Saturn
Eine schäumende Wasserwand würde durch die Röhre
auf sie zuschießen, gegen sie anbranden und mit
unwiderstehlicher Wucht mitreißen ‒ sie würde von den
Fluten umhergewirbelt und ertrinken.
Was soll der Blödsinn, rügte sie sich. Du machst dich nur
selbst verrückt wie ein kleines Kind, das sich vor Ungeheuern
unterm Bett fürchtet. Dennoch lauschte sie, während sie durch
die trockene Pipeline kroch, nach dem Rauschen von Wasser
und tastete mit den Fingerspitzen nach der leichtesten
Erschütterung der Röhre. Zumal die Rohrleitung doch nicht so
trocken war: Hier und da sagten feuchte Stellen und sogar
Pfützen ihr, dass vor nicht allzu langer Zeit hier Wasser
durchgeflossen war.
Ursprünglich hatte sie in der Pipeline bleiben wollen, bis sie
am Habitat-Ende eine große U-Kurve beschrieb. Vielleicht
würde sie doch früher aussteigen. Sie verspürte nämlich das
Bedürfnis, wieder aufrecht zu stehen und sich zu recken und
zu strecken. Also rutschte sie weiter durch die Pipeline, wobei
die Angst vorm Ertrinken ständig an ihr nagte.
Der Scout erreichte mit Leichtigkeit die Luke, durch die Holly
in die Pipeline eingestiegen war. Der elektronische Detektor
folgte der Geruchsspur, die sie hinterlassen hatte, ohne
Probleme. Mein braver Bluthund, sagte er sich mit einem
schiefen Lächeln.
Nun musste er eine Entscheidung treffen.
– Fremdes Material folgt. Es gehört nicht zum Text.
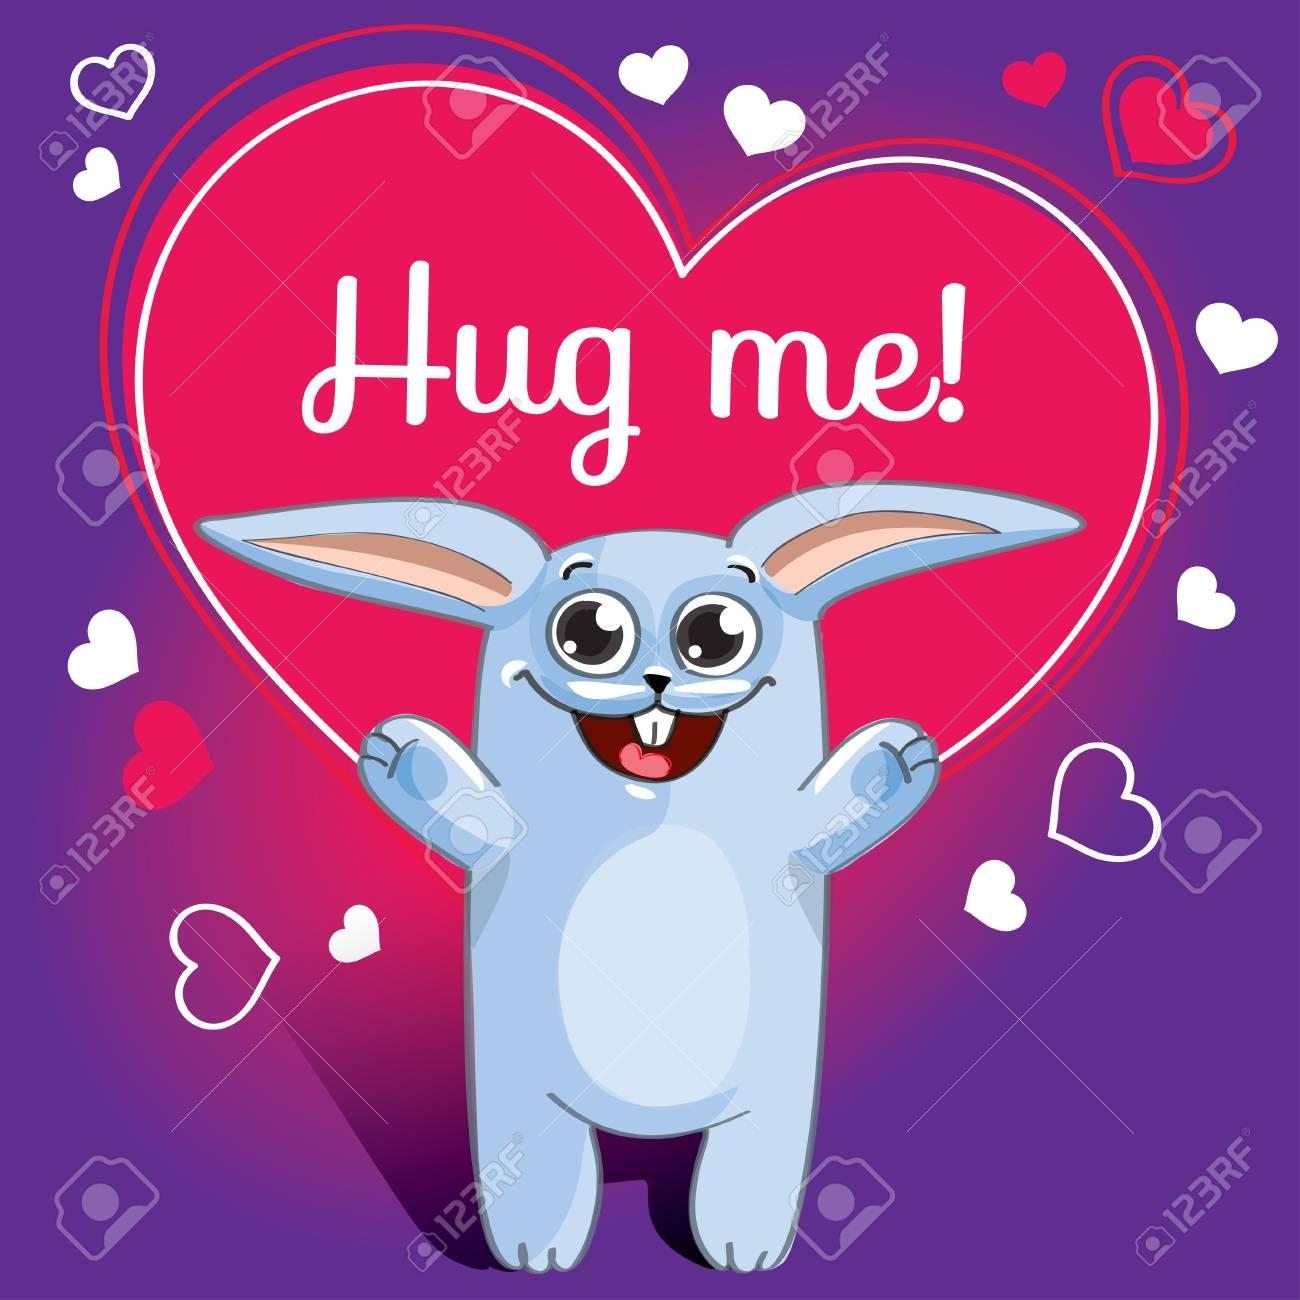 Cartoon rabbit ready for a hugging - 90576600

Soll ich in die
Rohrleitung gehen und ihr folgen oder draußen bleiben? Er
beschloss, draußen zu bleiben. Er käme schneller voran, wenn
er ging, als wenn er durch die dunkle Rohrleitung kröche. Sie
muss früher oder später herauskommen, und wenn sie das tut,
wird das Spürgerät mir sagen, durch welche Luke sie
ausgestiegen ist.
Aber welche Richtung hat sie eingeschlagen? Er wusste, dass
sie sich von der Ortschaft entfernte und in Richtung des
Habitat-Endes bewegte. Ich werde diesem Vektor folgen. Die
Wahrscheinlichkeit, dass sie umgekehrt ist und wieder zur
Ortschaft zurückgeht, ist ziemlich gering. Trotzdem rief er
Kananga an. Er schilderte ihm die Situation und riet ihm, ein
paar Leute an den Pipeline-Luken in der Nähe der Ortschaft
zu postieren.
»Ich werde etwas ganz anderes tun«, sagte Kananga mit
einem sardonischen Grinsen. »Ich werde die Instandhaltung
anweisen, den Hauptwasserfluss in diese Rohrleitung
umzuleiten. Dann wird sie herausgespült.«
Tavalera fuhr mit dem Fahrrad auf dem Pfad, der sich durch
die Obstgärten und das Ackerland zog, zum Habitat-Ende. Er
ließ das Rad am Ende des Pfads stehen und folgte dem
Gehweg, der durch den Wald am Ende des Habitats führte. Es
war ein merkwürdiges Gefühl: Er sah, dass er eine leichte
Steigung erklomm und hatte dennoch das Gefühl, bergab zu
gehen; die Gravitation nahm mit jedem Schritt spürbar ab.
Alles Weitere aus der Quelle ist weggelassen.